Итак, мы можем утверждать, что христианство смягчило, затенило, взяло верх или поглотило древнейшие религии, обожествлявшие силы природы, как и остатки язычества. До какой степени? Об этом спорят историки и ученые других областей знания, причем каждый делает собственные выводы.

Ничто — даже темные истории о колдунах, подобные той, что случилась в Лудене, — не могло встревожить или смутить государственных деятелей, и уж тем более Мазарини, много чего повидавшего в бытность свою в Италии.

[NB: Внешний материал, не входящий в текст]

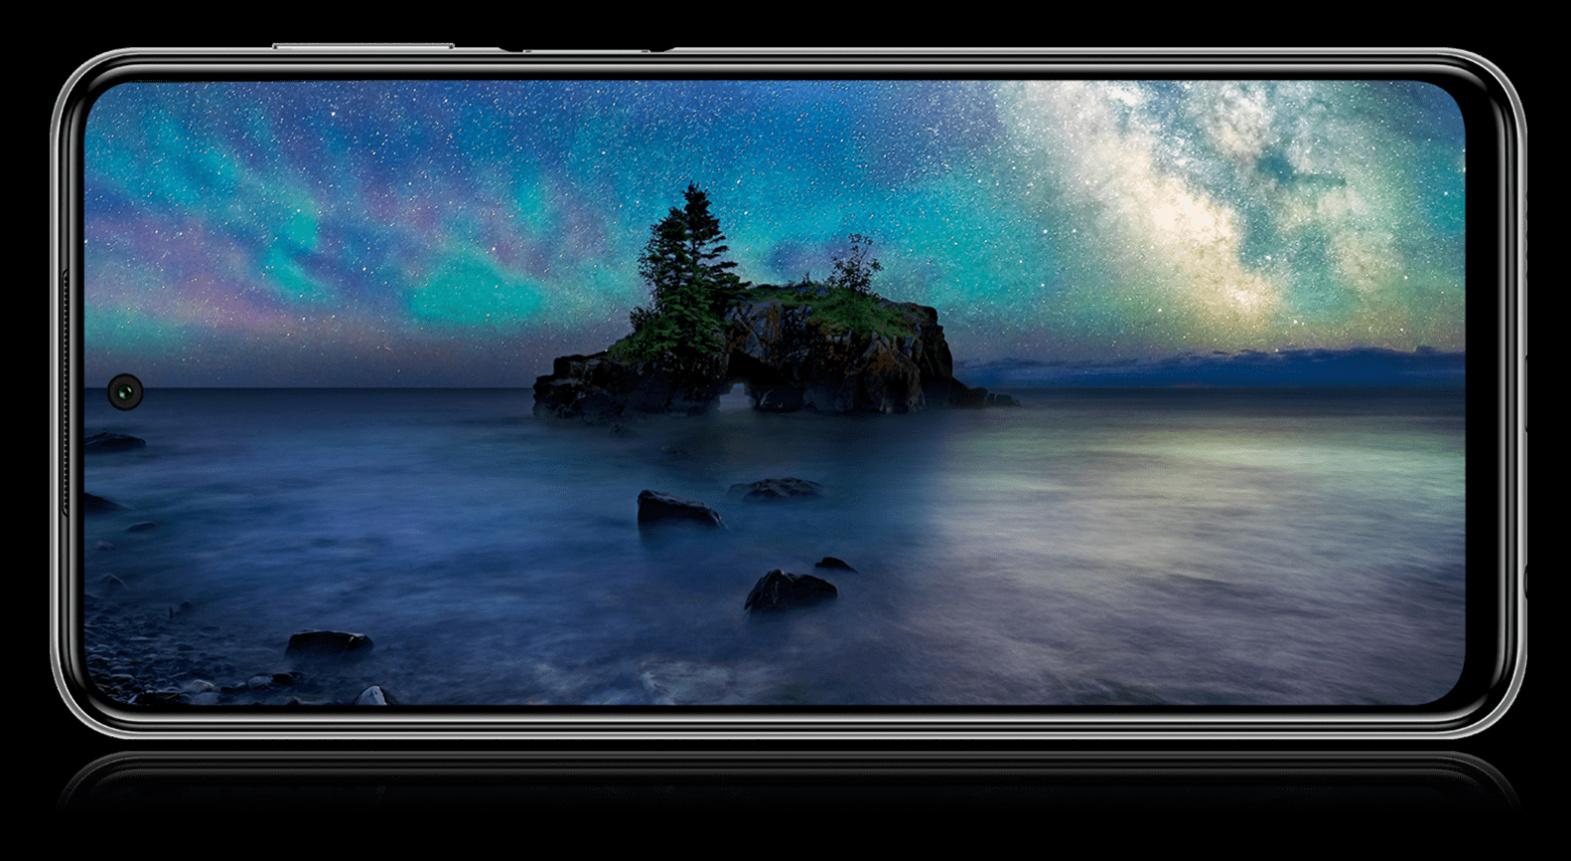 Das 6,67 Zoll große FHD+-Display des Redmi Note 9 Pro ohne Notch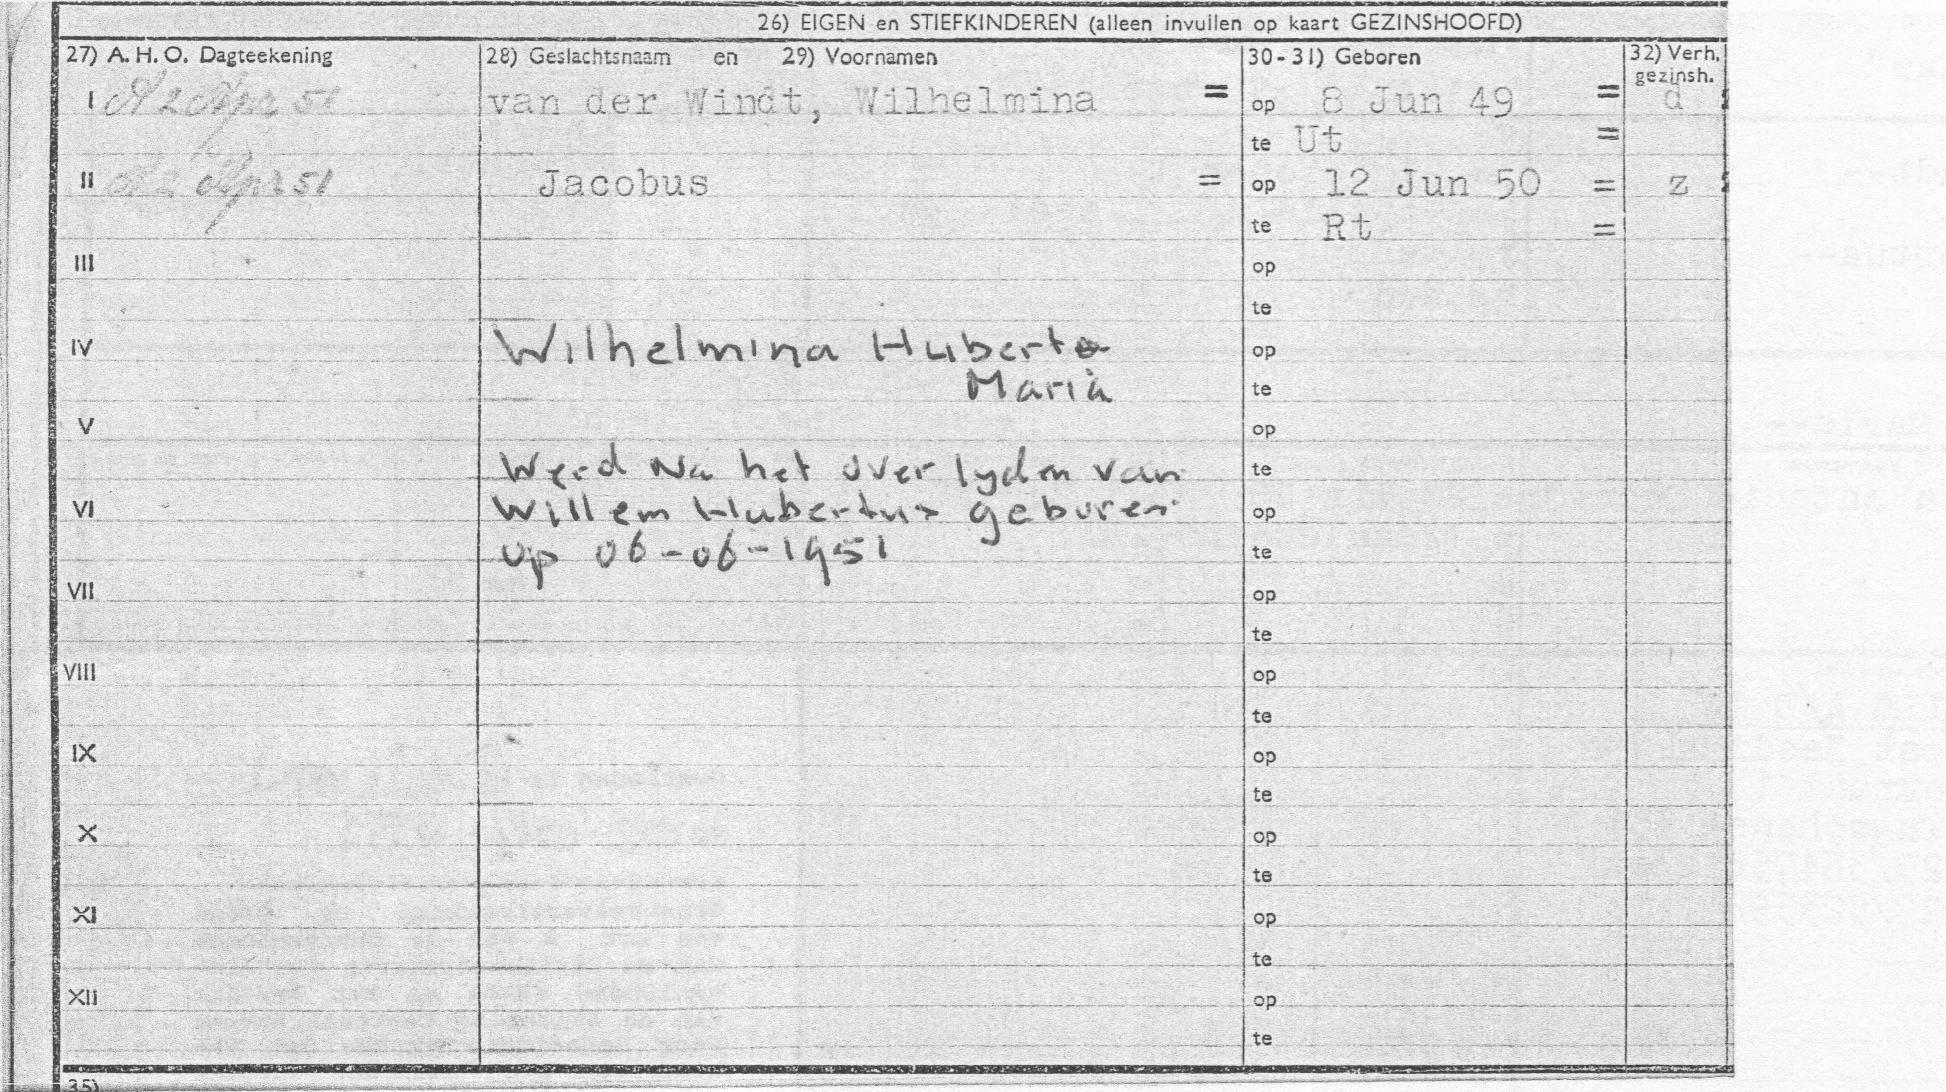 1922-10-31 Willem Hubertus van der Windt (Persoonskaart achterkant)

Прошло восемьдесят лет со времен Тридентского собора, принявшего жесткую программу Контрреформации (она имела целью жесткое размежевание с протестантами: ни одно положение их веры не было принято) и наметившего направление серьезного реформирования католической церкви и доктрины и нравов верующих. Нельзя сказать, что пункт о нравах был немедленно принят во Франции: парламенты провинций, ссылаясь на независимость галликанской церкви, отказались исполнять решения Собора. На практике же большая часть положений стала постепенно применяться. Следует признать, что, несмотря на создание в период до 1643 года нескольких семинарий и попытки монархов назначать епископов не по рекомендации и не по праву рождения, то, что нам известно о французском духовенстве середины XVII века, особенно о деревенском, содержит много темных страниц: кюре зачастую были плохо подготовлены и не отличались высокой нравственностью. Настоящее реформирование французской церкви начинается поколение спустя. Покойный набожный король Людовик XIII и регентша хотели этой реформы, но им просто не хватило времени. Мазарини, как и Ришелье, государственный деятель и обладатель больших доходов с двух десятков аббатств, ограничивался тем, что «пользовался» Церковью (и заставлял платить духовенство), конечно, желая ее реформирования; один из них не снисходил до реформ на уровне приходов, разве что в Париже, но в столице он руководствовался отнюдь не религиозными причинами. Больше всего и Ришелье и Мазарини беспокоила католическая элита, где политиков было больше, чем священнослужителей, несмотря на внешнюю набожность. Эта элита и помыслить не могла о том, чтобы наихристианнейший король[44] одержал победу над католическим королем[45], особенно с помощью протестантских государств. В этом и заключалась главная проблема «партия благочестивых», которую Мазарини «унаследовал» от Ришелье.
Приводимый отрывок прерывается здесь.